为什么这个diff函数将空单元格视为不同?

时间:2017-06-20 14:49:11

标签: excel python-3.x pandas dataframe diff

def find_diffs(dataframe1, dataframe2):  # Finds diff cells and stores to list
x_ofs = dataframe1.columns.nlevels + 1
y_ofs = dataframe1.index.nlevels + 1
return([column_letter(x + x_ofs) + str(y + y_ofs) for
        y, x in zip(*np.where(dataframe1 != dataframe2))])

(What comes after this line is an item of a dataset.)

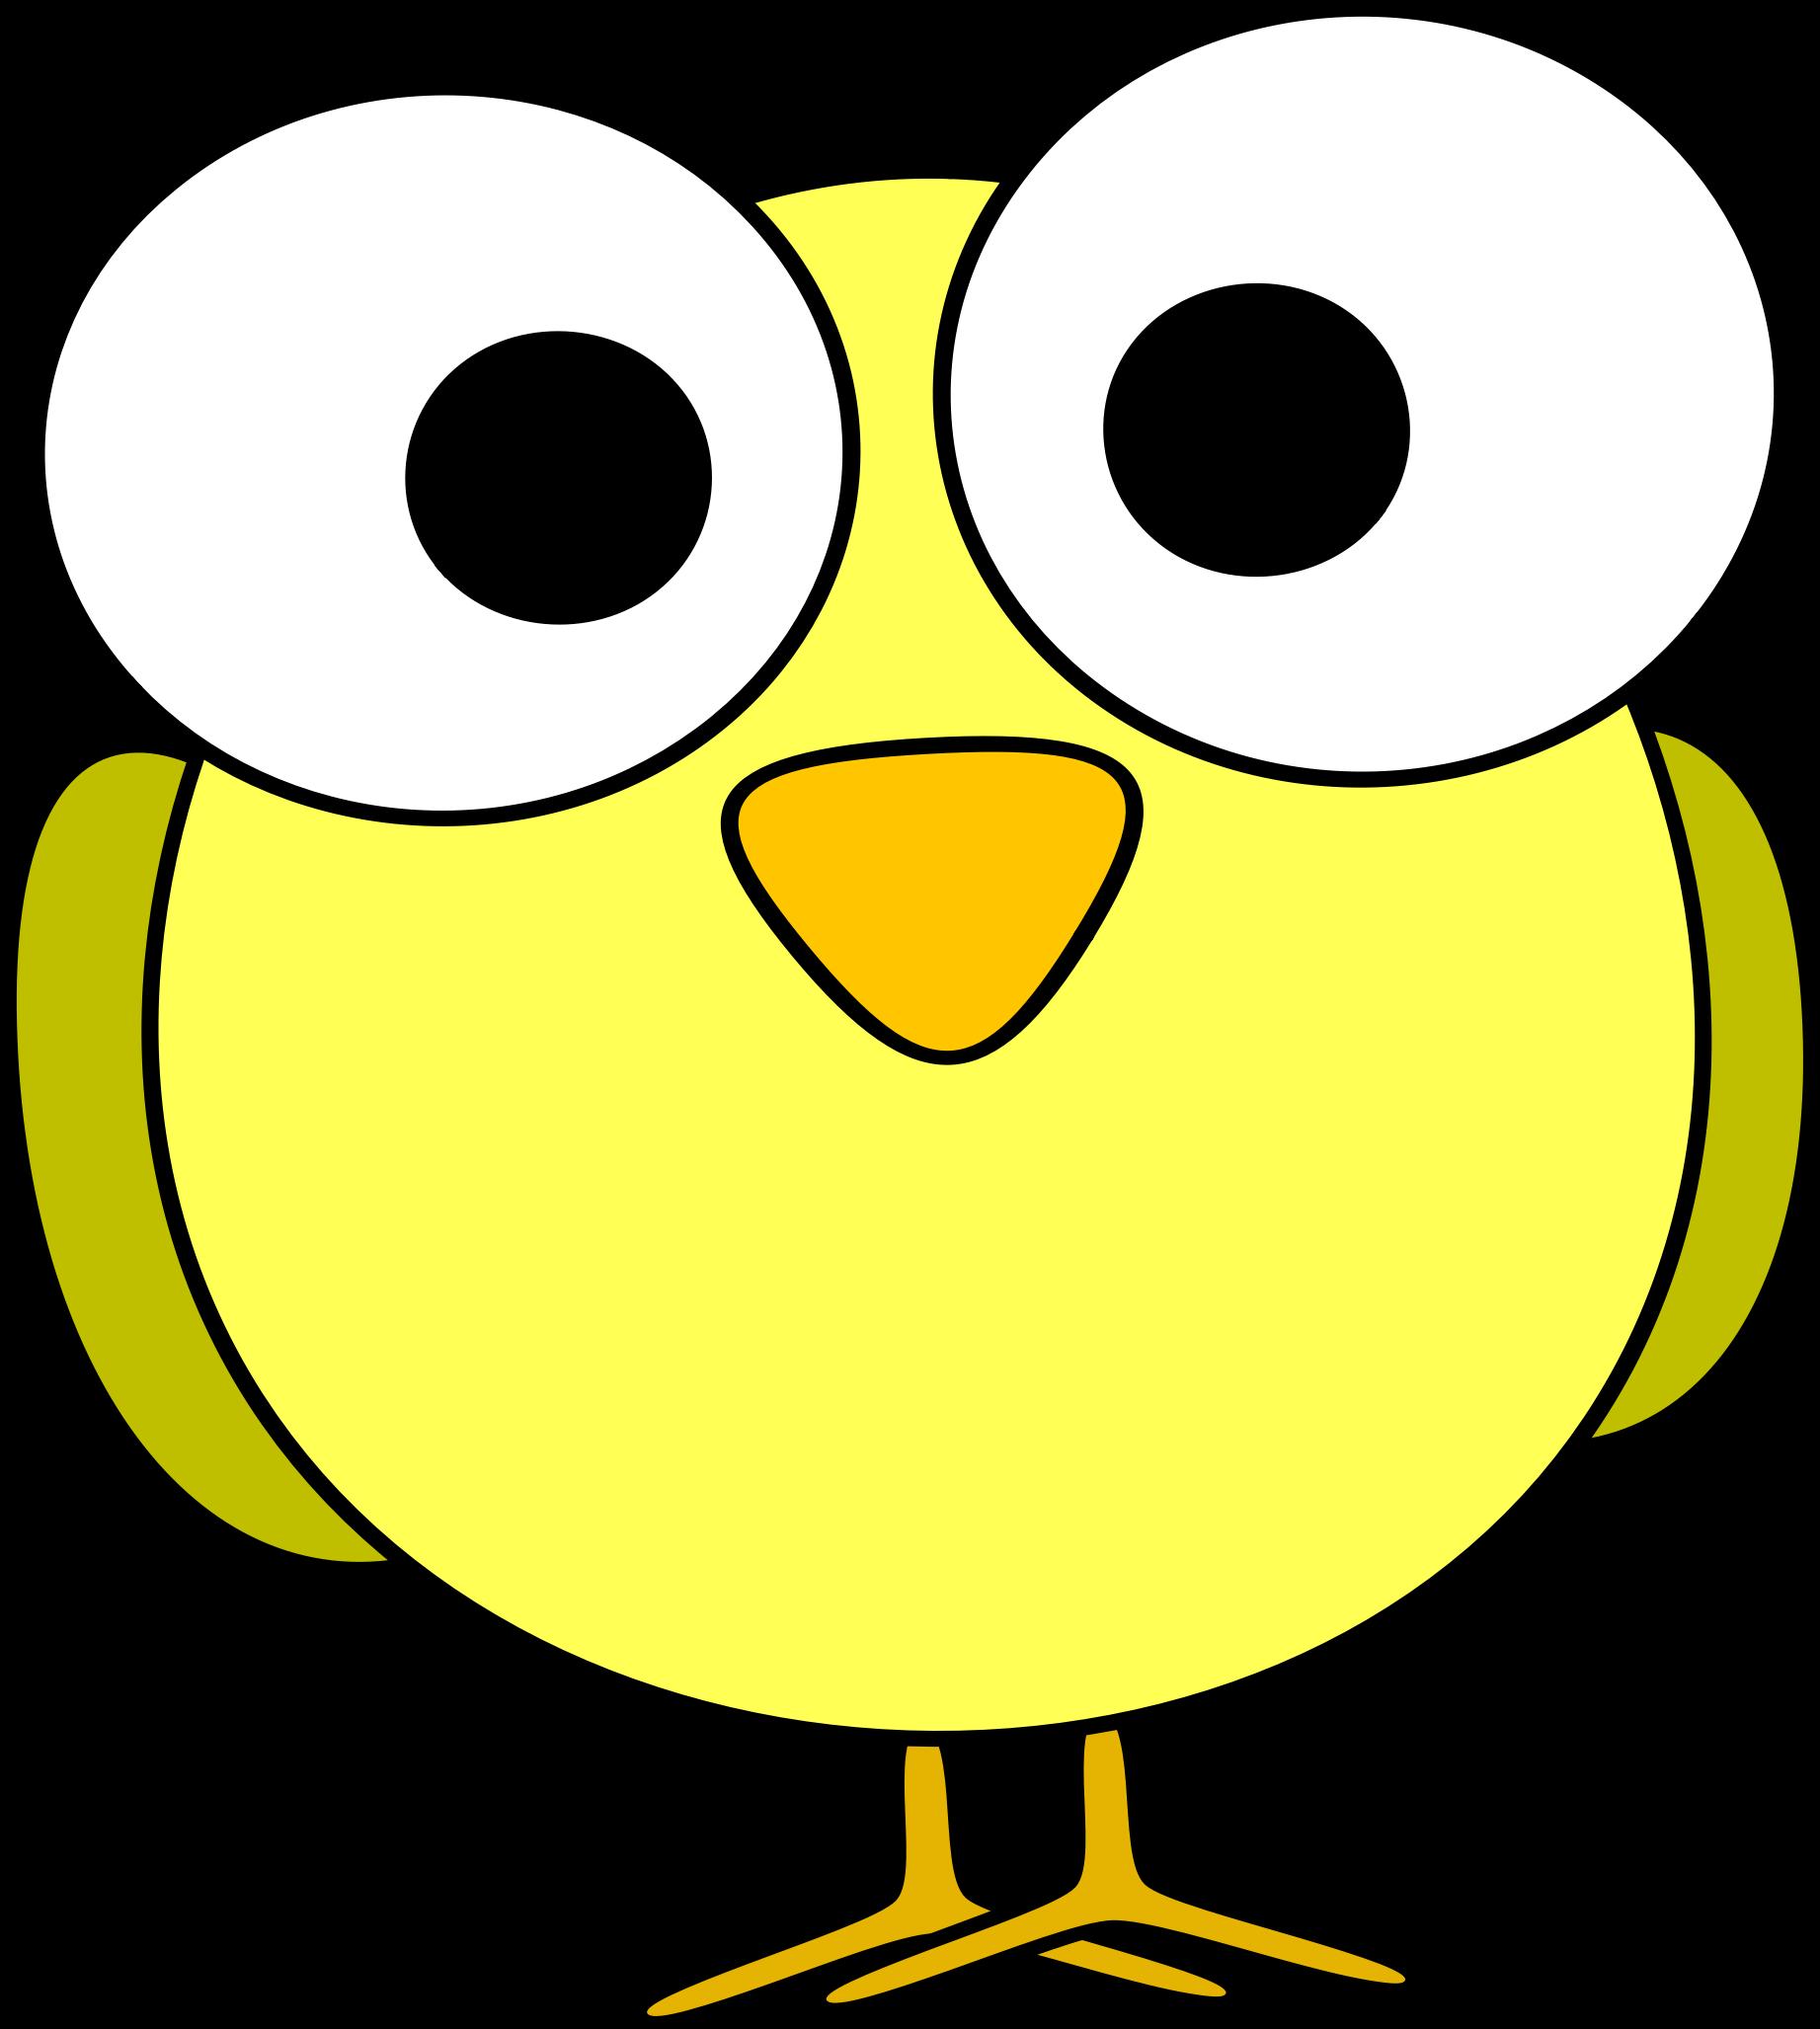 A funny looking yellow. Head clipart big bird

我制作一个Python脚本来区分2个Excel文件并突出显示不同的单元格。我使用的是Pandas数据帧。这个功能的问题在于它突出显示空单元格,就好像它们不同。我尝试过以下几件事:

 (dataframe1 != dataframe2) and dataframe2 != ''
 (dataframe1 != dataframe2) and dataframe2 != 'nan'
 (dataframe1 != dataframe2) & dataframe2 != nan

我尝试了更多的东西,但这只是一些例子。我还尝试使用类似的功能来检测空单元格,然后将它们从它认为不同的单元格列表中删除,但我无法使其工作。

附带问题:有没有办法让它忽略区分大小写?当字母大小写不同时,它还会突出显示单元格

更多代码:

df1 = pd.read_excel(mxln, header=None)  # Loads master xlsx for comparison
df2 = pd.read_excel(sfcn, header=None)  # Loads student xlsx for comparison
df3 = df2.to_excel('TEACHER COPY ' '[' + sname + '].xlsx')
# difference = df2[df2 != df1]  # Scans for differences
# print(difference)

def find_diffs(dataframe1, dataframe2):  # Finds diff cells and stores to list
    x_ofs = dataframe1.columns.nlevels + 1
    y_ofs = dataframe1.index.nlevels + 1
    return([column_letter(x + x_ofs) + str(y + y_ofs) for
            y, x in zip(*np.where(dataframe1 != dataframe2) & (dataframe2.notnull()))])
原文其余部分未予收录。